··· Provided data ···

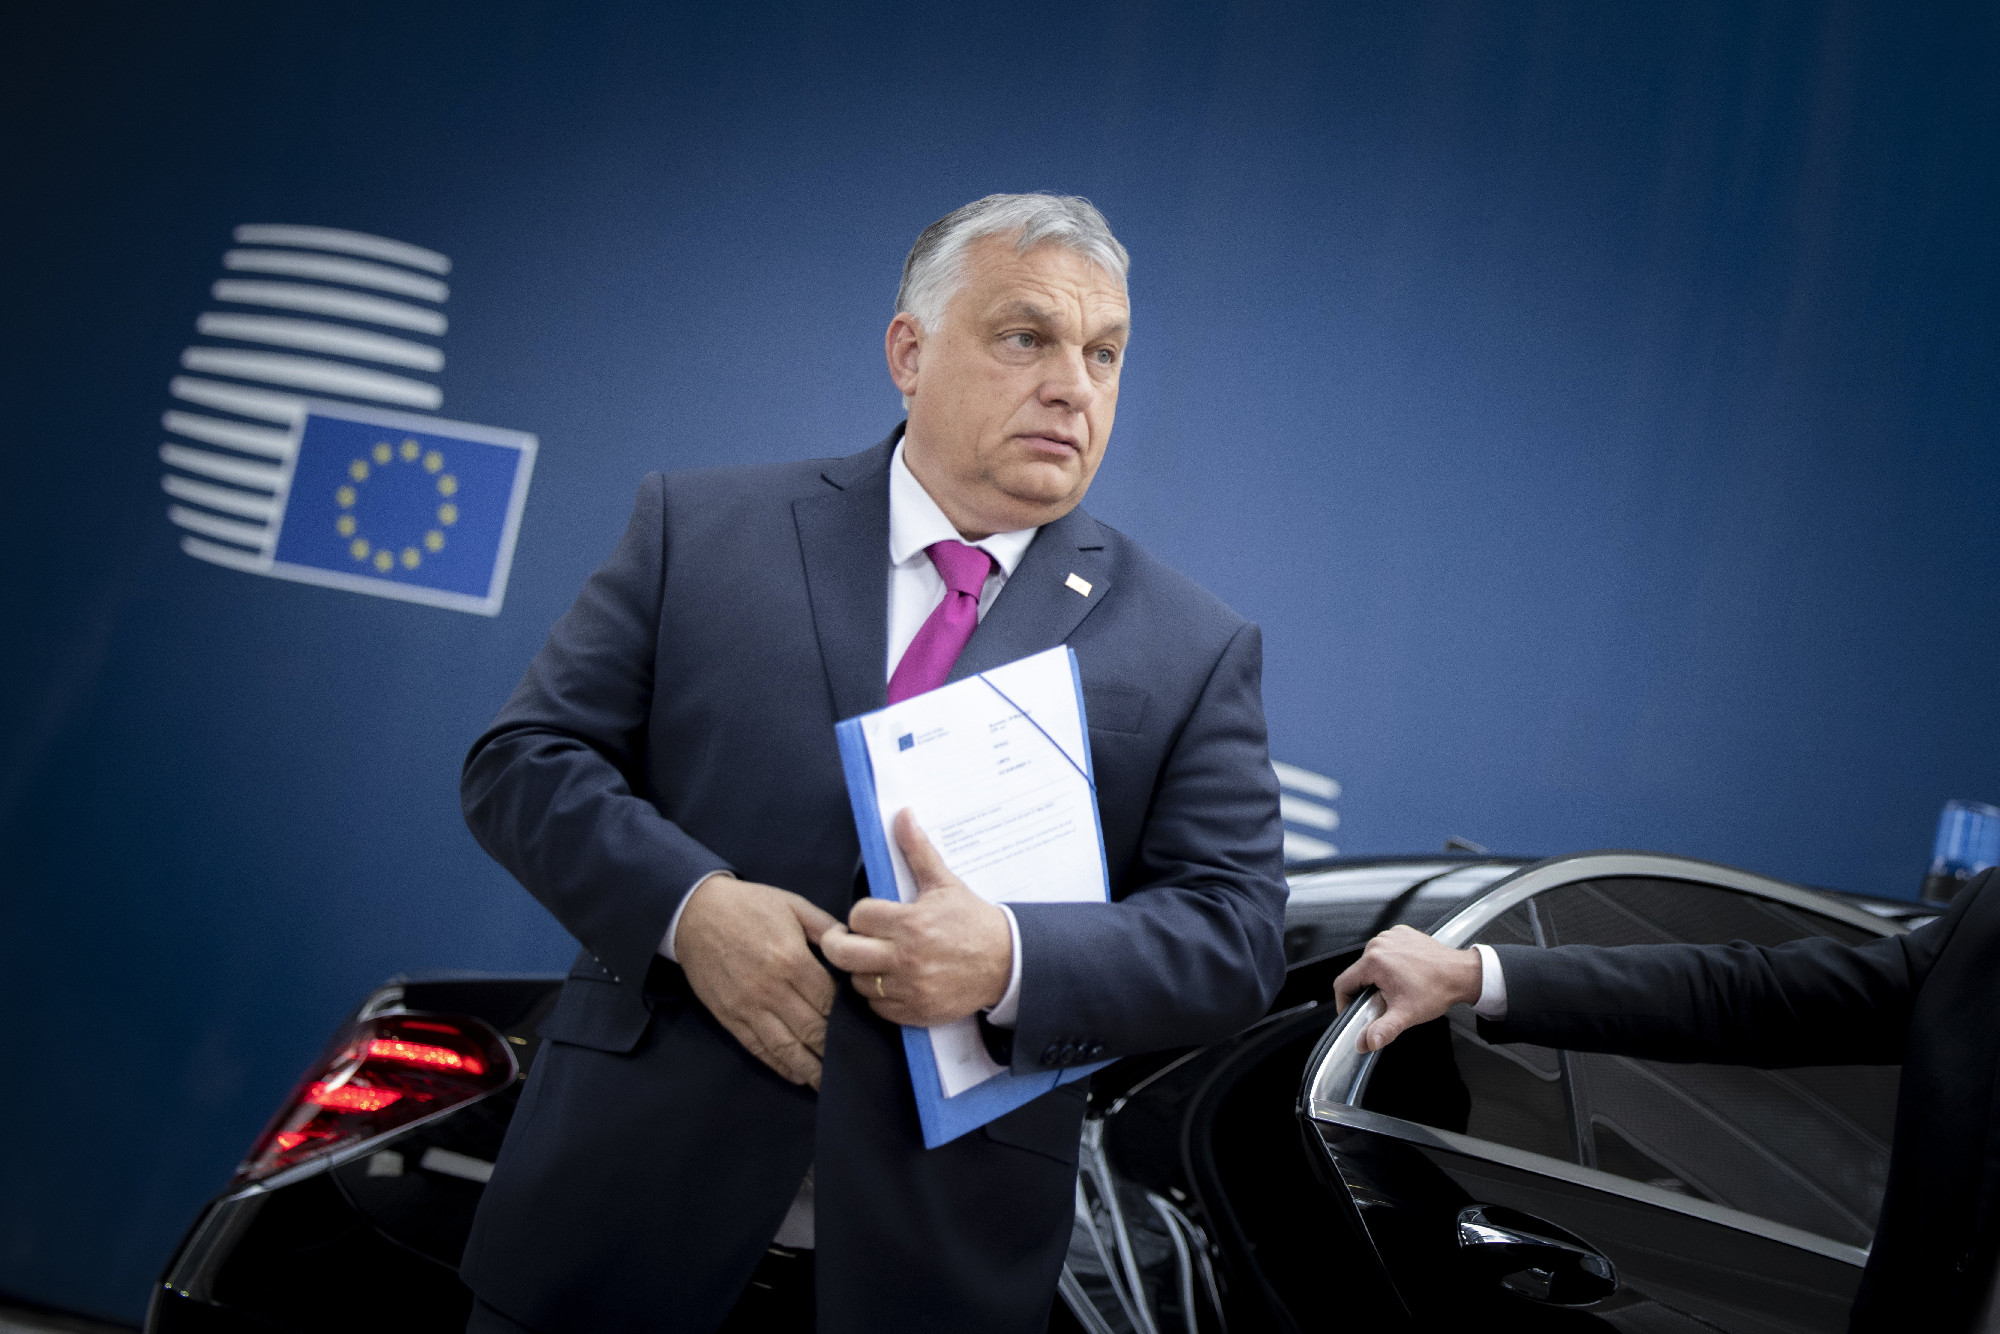 Az ukrán külügyminisztérium hálás az EU-nak az új szankciókért, de csalódott Budapest álláspontja miatt
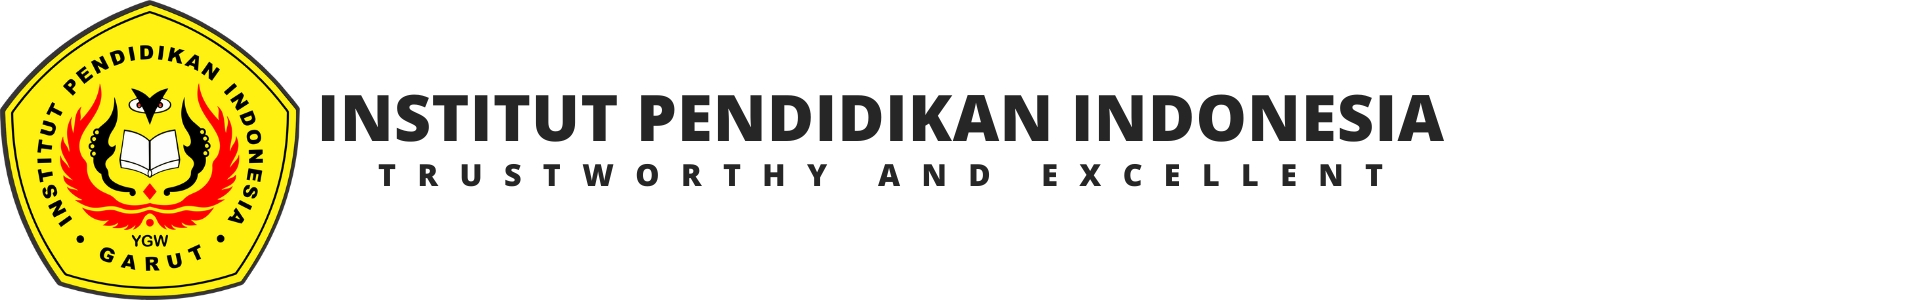 Institut Pendidikan Indonesia
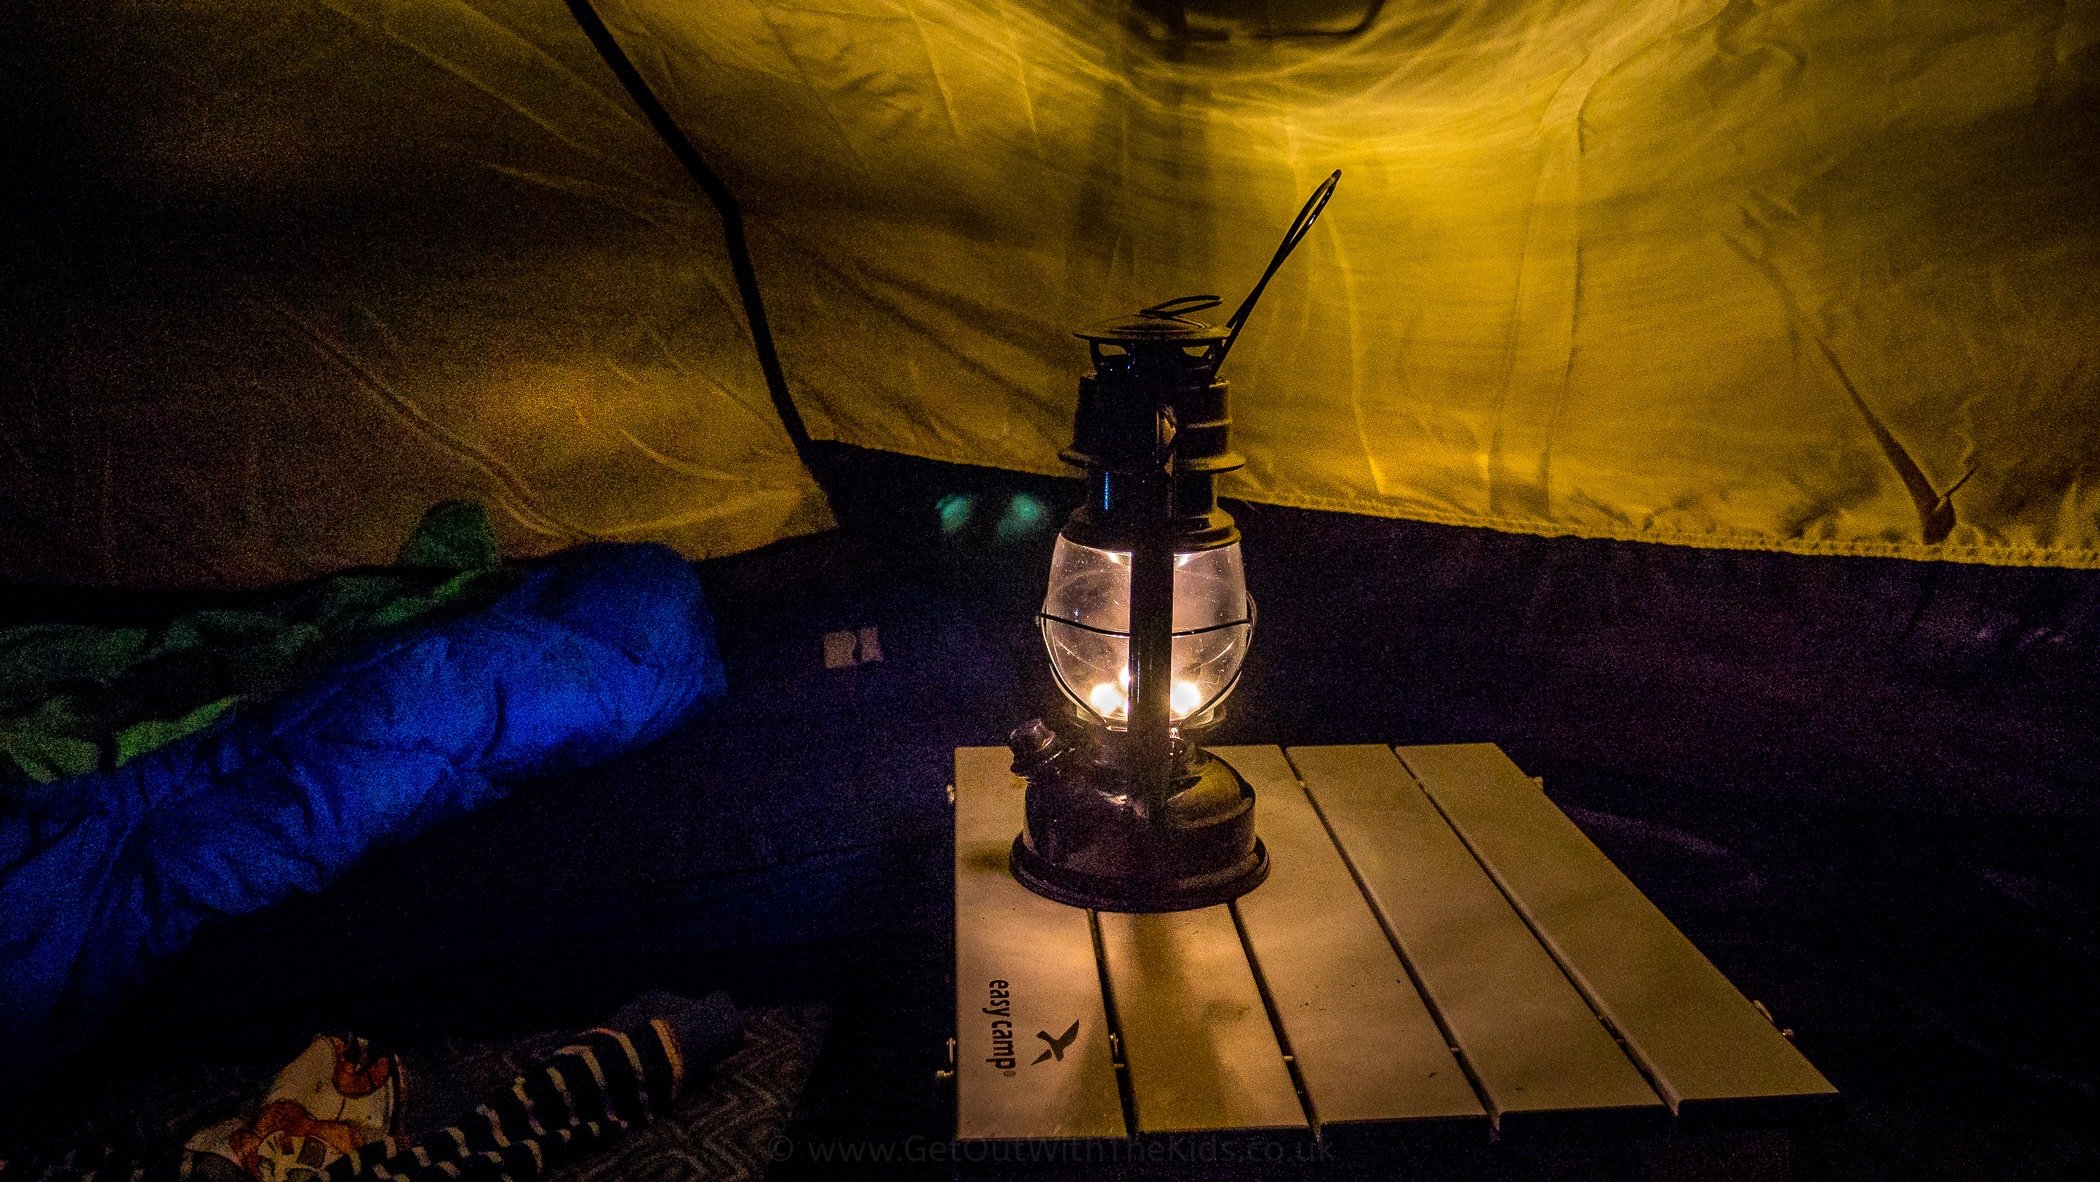 Bushmaster Lantern at Night
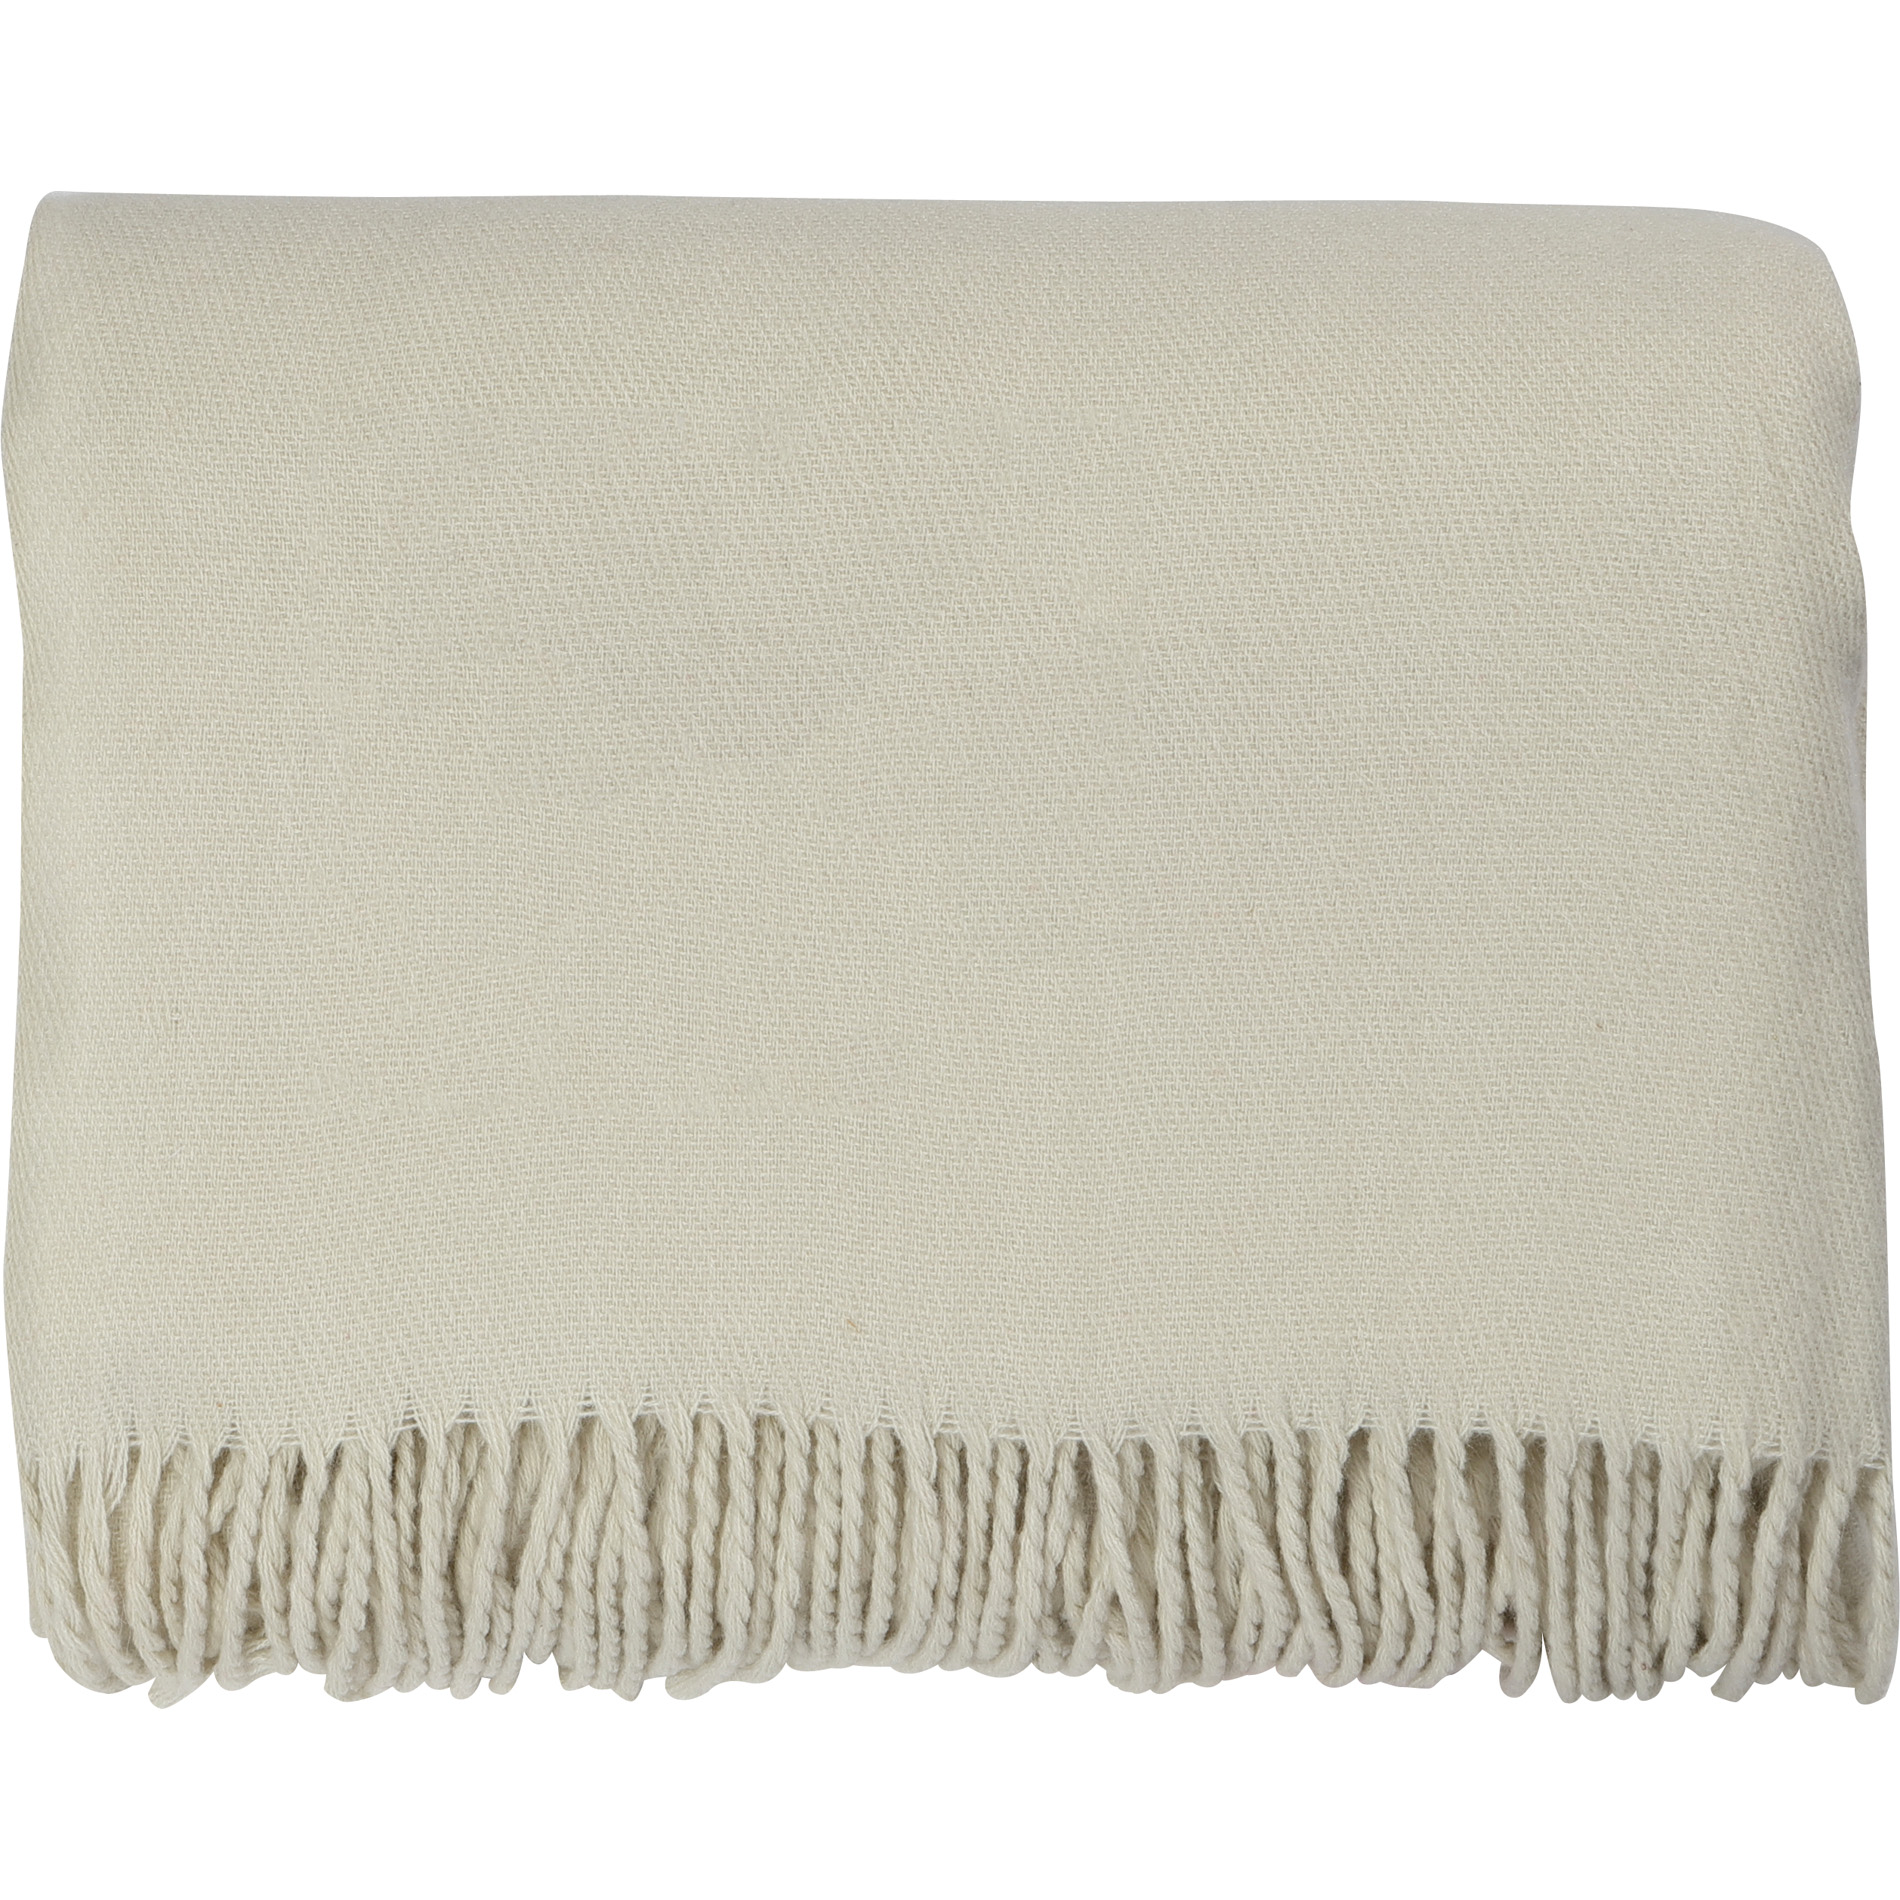 LEEDS 1081-09 - Acrylic Throw Blanket

···

Print the data above exactly; drop every picture.

__Exercise answer__
 Az ukrán külügyminisztérium hálás az EU-nak az új szankciókért, de csalódott Budapest álláspontja miatt
 Institut Pendidikan Indonesia
 Bushmaster Lantern at Night
 LEEDS 1081-09 - Acrylic Throw Blanket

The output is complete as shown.